VSDK Voice Synthesis - Android

VDK features two TTS libraries: CSDK and Baratinoo.


Configuration

TTS engines must be configured before the program starts. Here is a complete setup with 2 channels, each one using a different language (using the CSDK engine):

JSON
{
    "version": "2.0",
    "csdk": {
        "tts": {
            "channels": {
                "channelFrf": {
                    "voices": ["frf,aurelie,embedded-compact", "enu,ava,embedded-compact"]
                },
                "channelEnu": {
                    "voices": ["enu,ava,embedded-compact"]
                }
            }
        }
    }
}

An empty channel list will trigger an error, as well as an empty voice list!

Voice format

Each engine has its own voice format, described in the following table:

Engine

Format

Example

vsdk-csdk

<language>,<name>,<quality>

enu,evan,embedded-pro

vsdk-baratinoo

<name>

Arnaud_neutre

Starting the engine

Java
com.vivoka.vsdk.Vsdk.init(mContext, "config/main.json", vsdkSuccess -> {
    if (vsdkSuccess)
    {
        com.vivoka.csdk.tts.Engine.getInstance().init(mContext, engineSuccess -> {
            if (engineSuccess)
            {
                // at this point the TtsEngine has been correctly initialized   
            }    
        });
    }
});

Creating a channel

Remember, channel must be configured beforehand!

Java
Channel channelFrf = com.vivoka.csdk.tts.Engine.getInstance().makeChannel("channelFrf", "frf,aurelie,embedded-compact");

Speech Synthesis

Speech Synthesis is asynchronous!

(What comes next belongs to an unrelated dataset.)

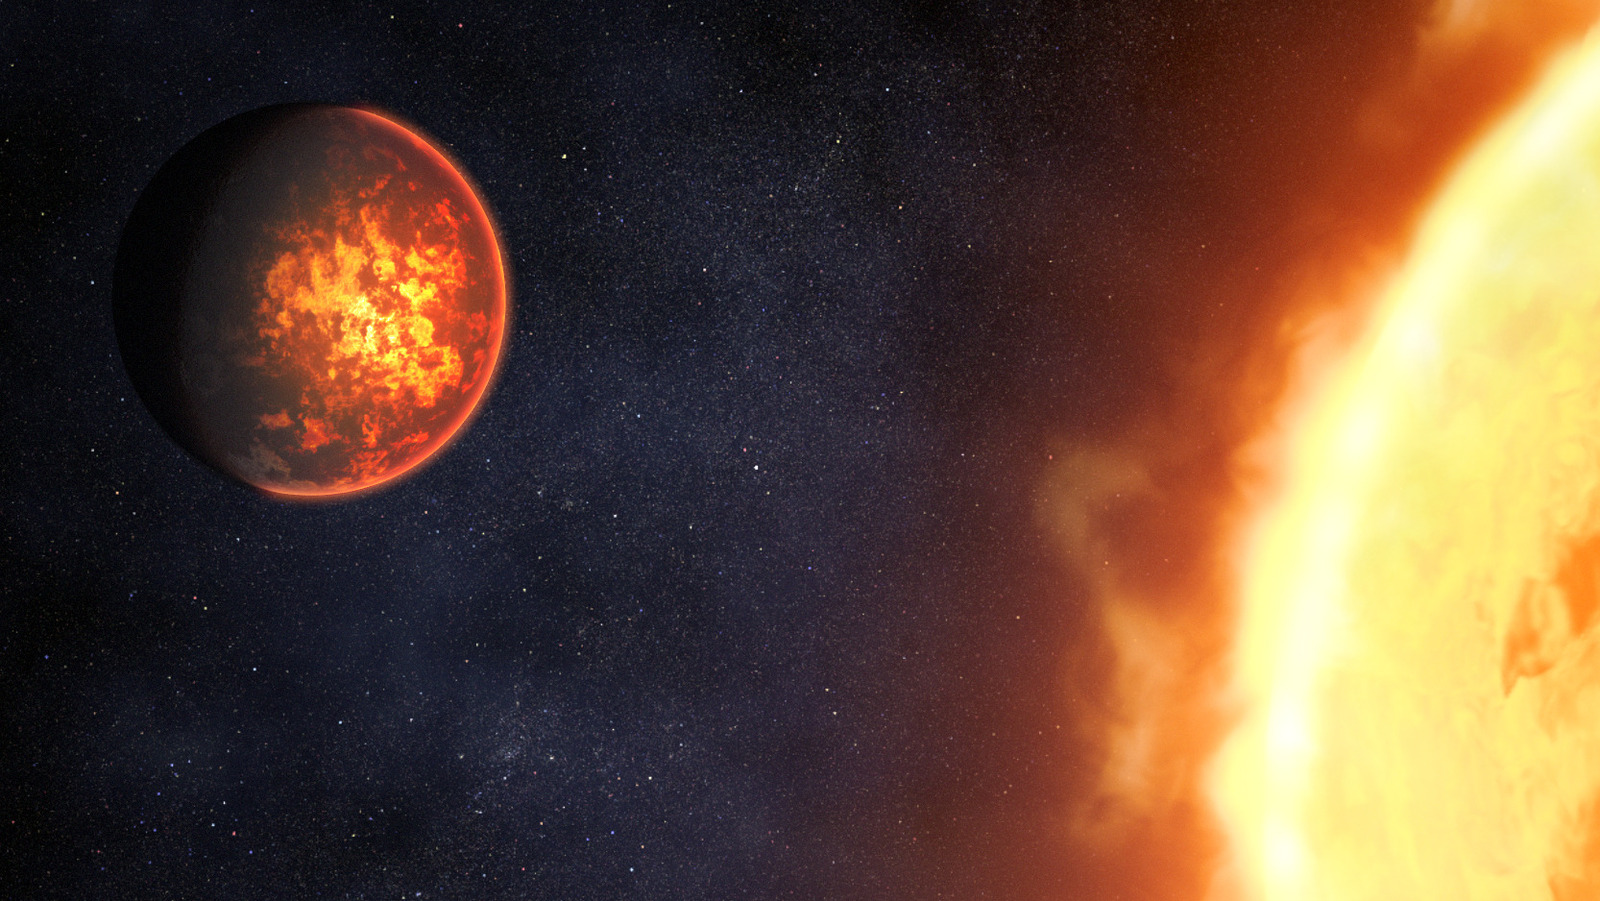 Come il James Webb Telescope studierà la gigantesca Terra ricoperta di lava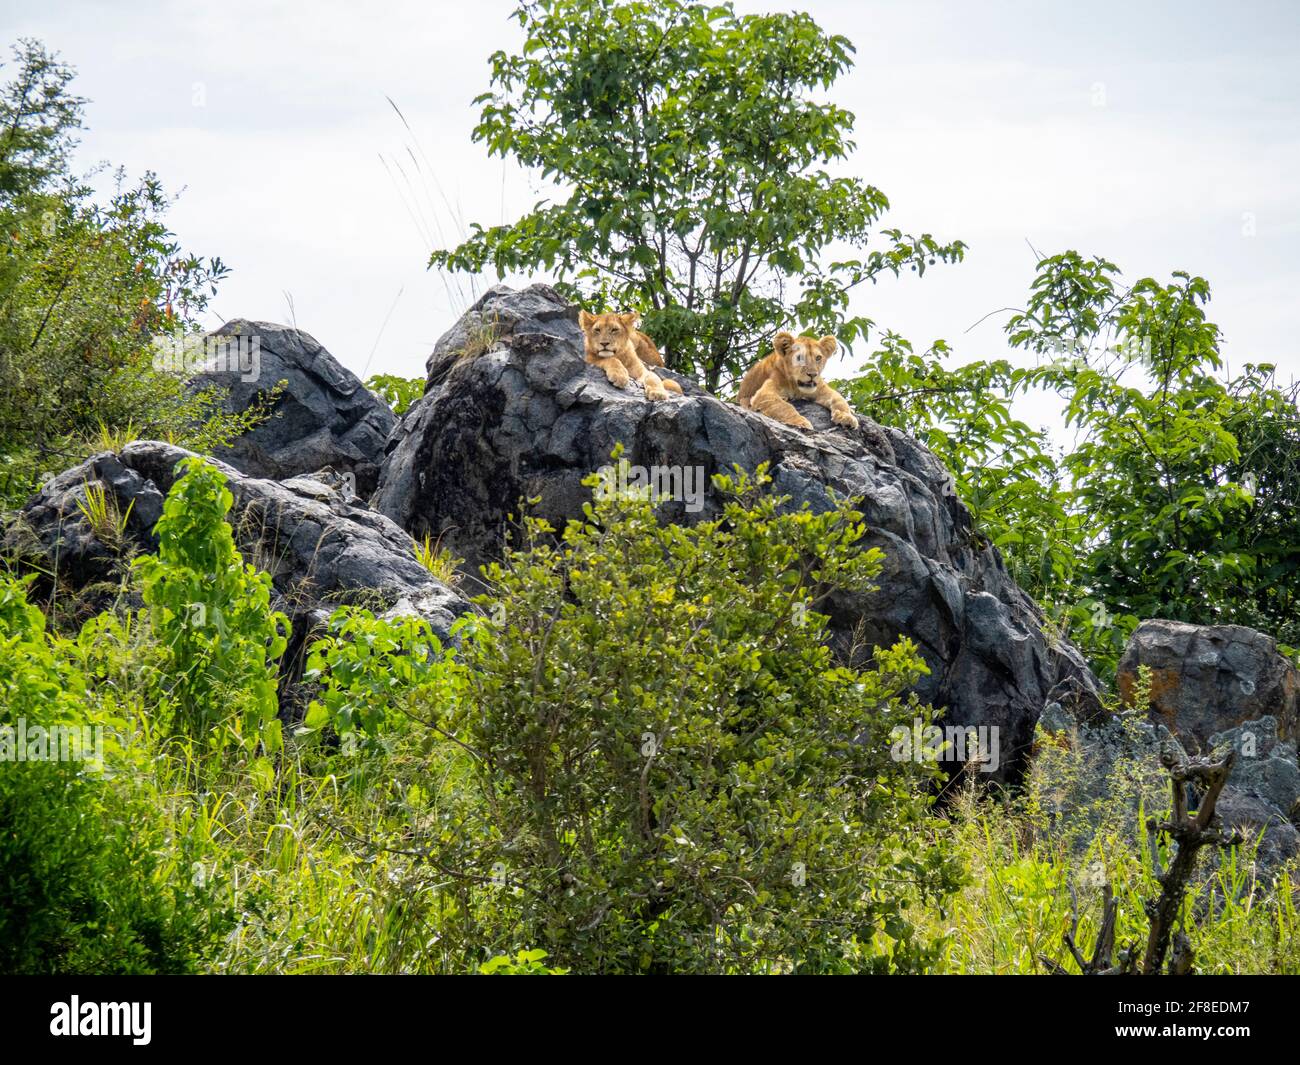 Parc national de Serengeti, Tanzanie, Afrique - 29 février 2020 : le lion s'acserre sur le rocher en profitant du soleil Banque D'Images

That means the call will not block the thread during the synthesis.

Java
channelFrf.synthesisFromText("Bonjour ! Je suis une voix synthétique", () -> {
    // channelFrf.synthesisResult contains the audioData to play
});

// Also works with SSML input
final String ssml = "<speak version=\"1.0\" xmlns=\"http://www.w3.org/2001/10/synthesis\" xml:lang=\"fr-FR\">Bonjour Vivoka</speak>";
channelFrf.synthesisFromSSML(ssml, () -> {
    // channelFrf.synthesisResult contains the audioData to play
});

Playing the result

VSDK provides an audio player. Playing the result is very easy:

Java
AudioPlayer.play(channel.synthesisResult.getAudioData(),
                 channel.synthesisResult.getSampleRate(),
                 new AudioTrack.OnPlaybackPositionUpdateListener()
                 {
                    @Override
                    public void onMarkerReached(AudioTrack track) {}

                    @Override
                    public void onPeriodicNotification(AudioTrack track) { }
                });

The audio data is a 16bit signed Little-Endian PCM buffer. Channel count is always 1 and sample rate varies depending on the engine:

Engine

Sample Rate (kHz)

csdk

22050

baratinoo

24000

Storing the result on disk

Java
 channel.synthesisResult.saveToFile("directory", "filename", new ICreateAudioFileListener(){});	

Only PCM extension is available, which means the file has no audio header of any sort.